> **Instructions for the task**
Below are the records; repeat exactly their lines between the line holding "Want to boost" and the line holding "campers at the Neve 8078 console", inclusive, skipping the pictures.
----- Records for this task -----
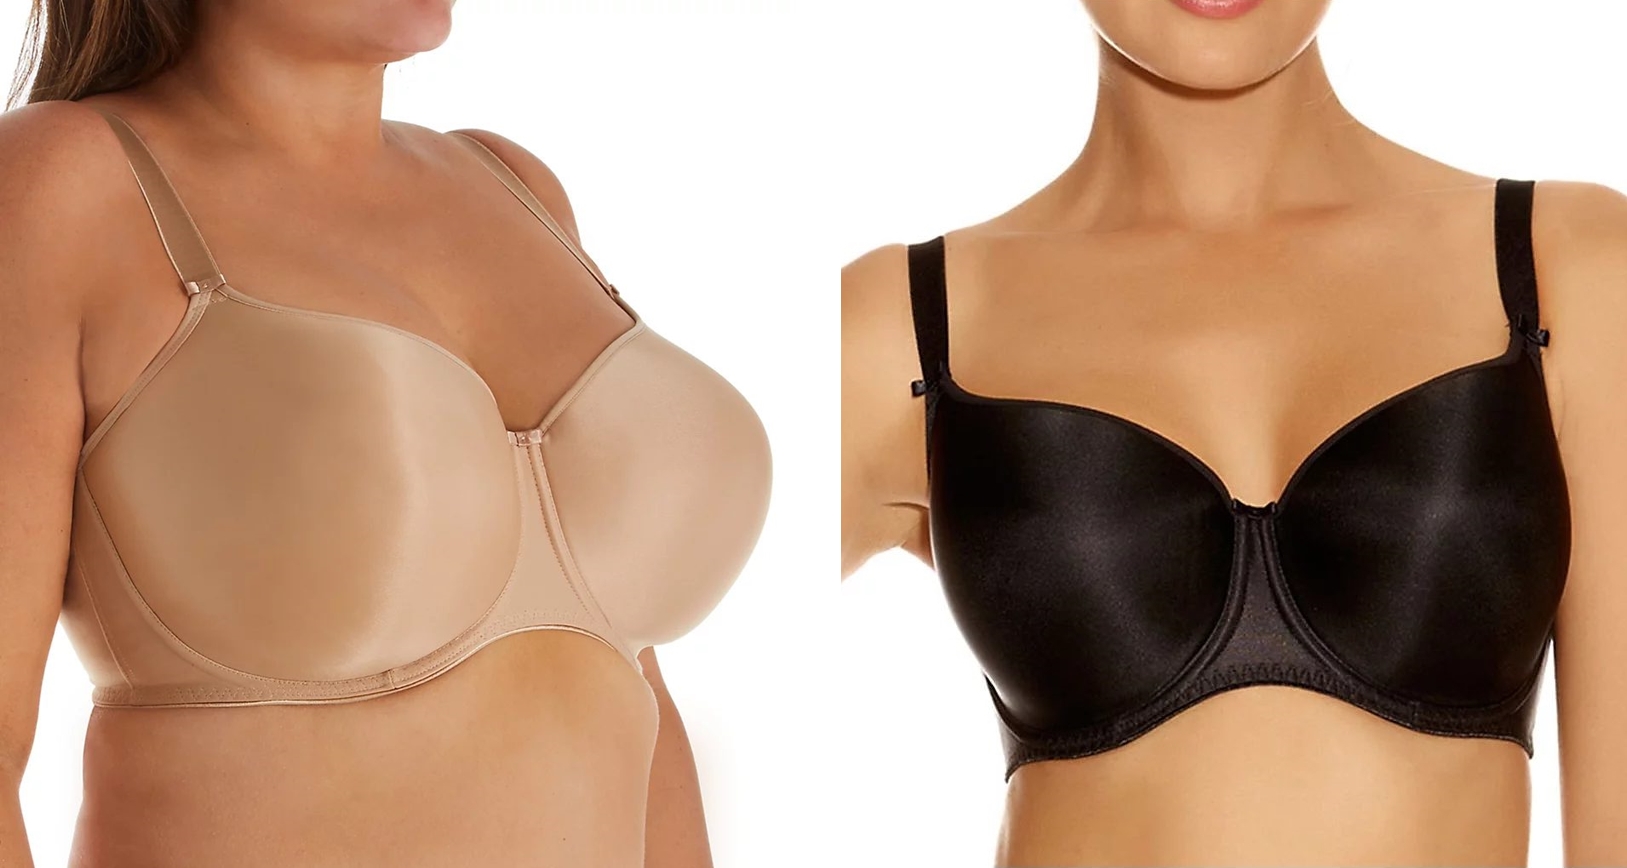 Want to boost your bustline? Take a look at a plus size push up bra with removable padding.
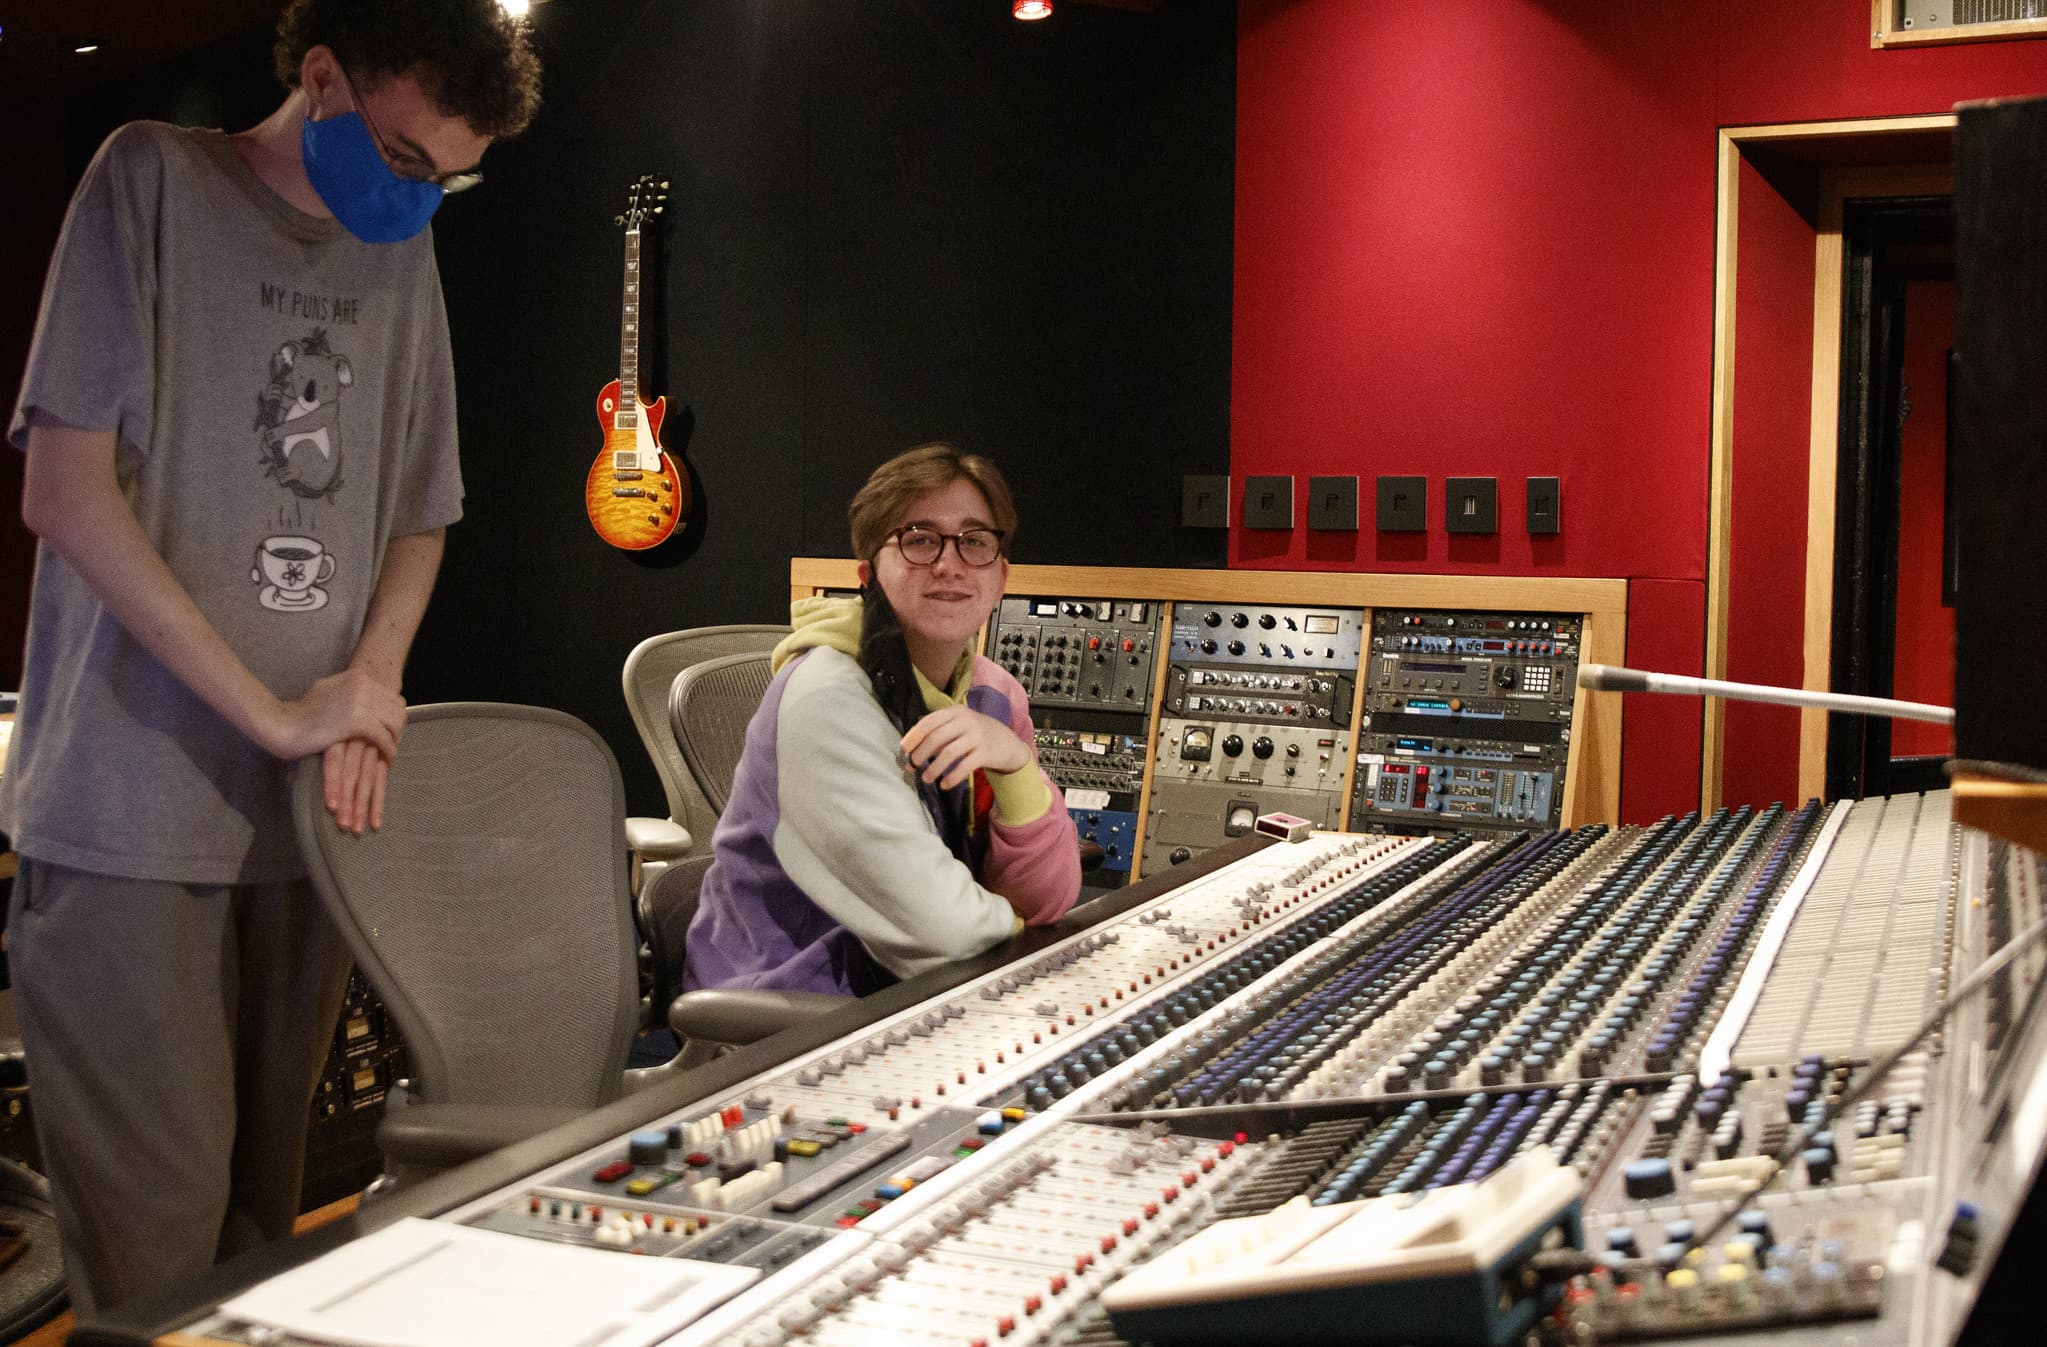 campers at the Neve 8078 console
-----
----- Records for this task -----
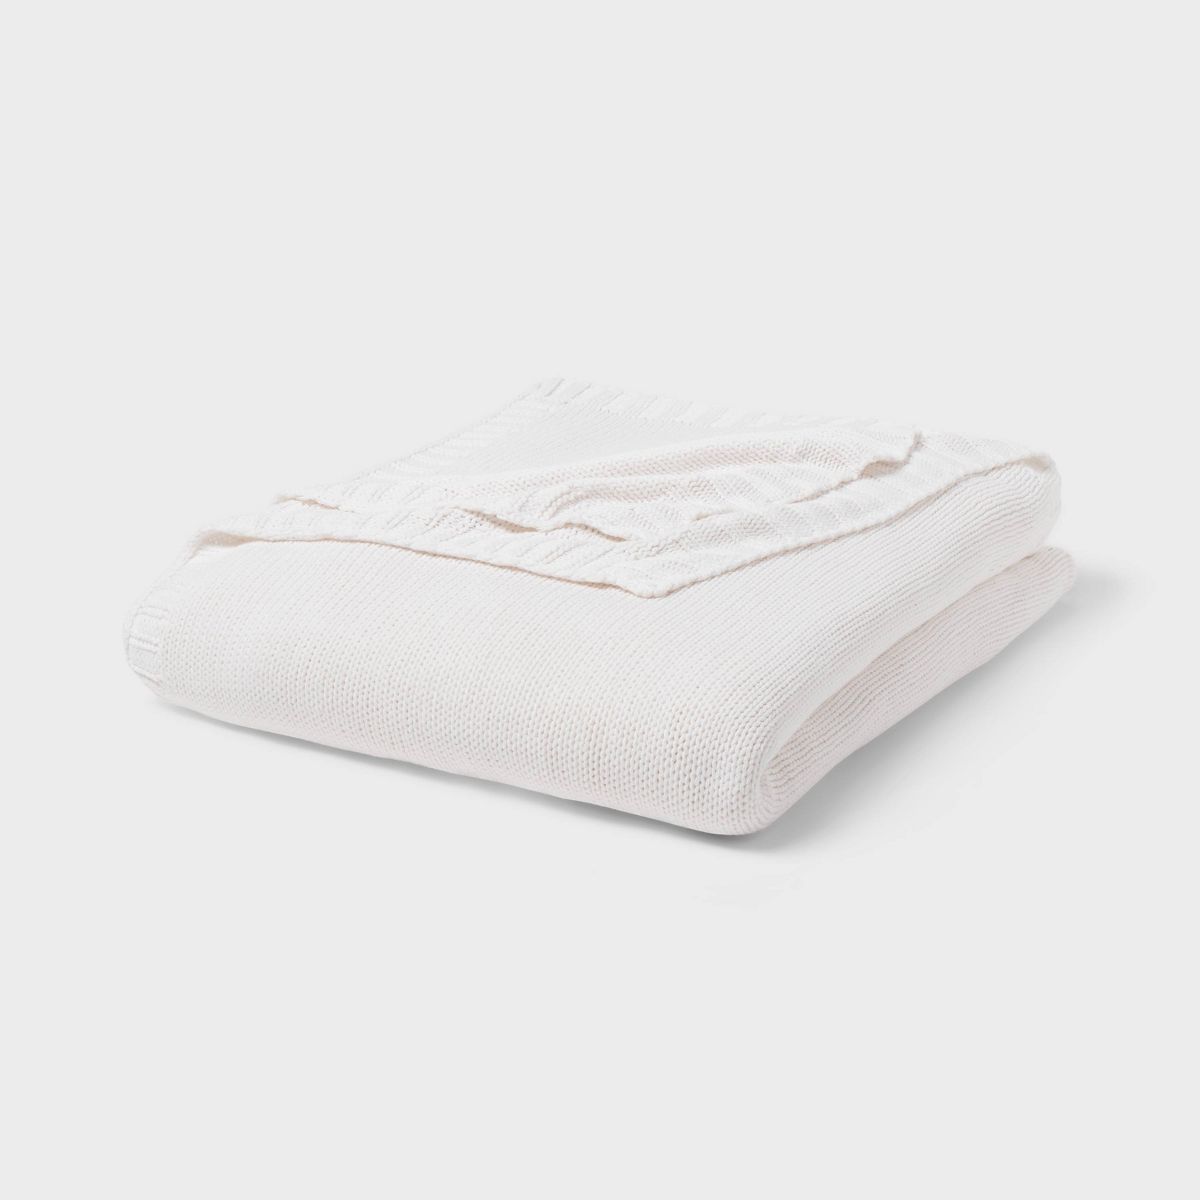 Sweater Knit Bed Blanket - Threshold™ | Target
-----
> **Exercise response**
 Want to boost your bustline? Take a look at a plus size push up bra with removable padding.
 campers at the Neve 8078 console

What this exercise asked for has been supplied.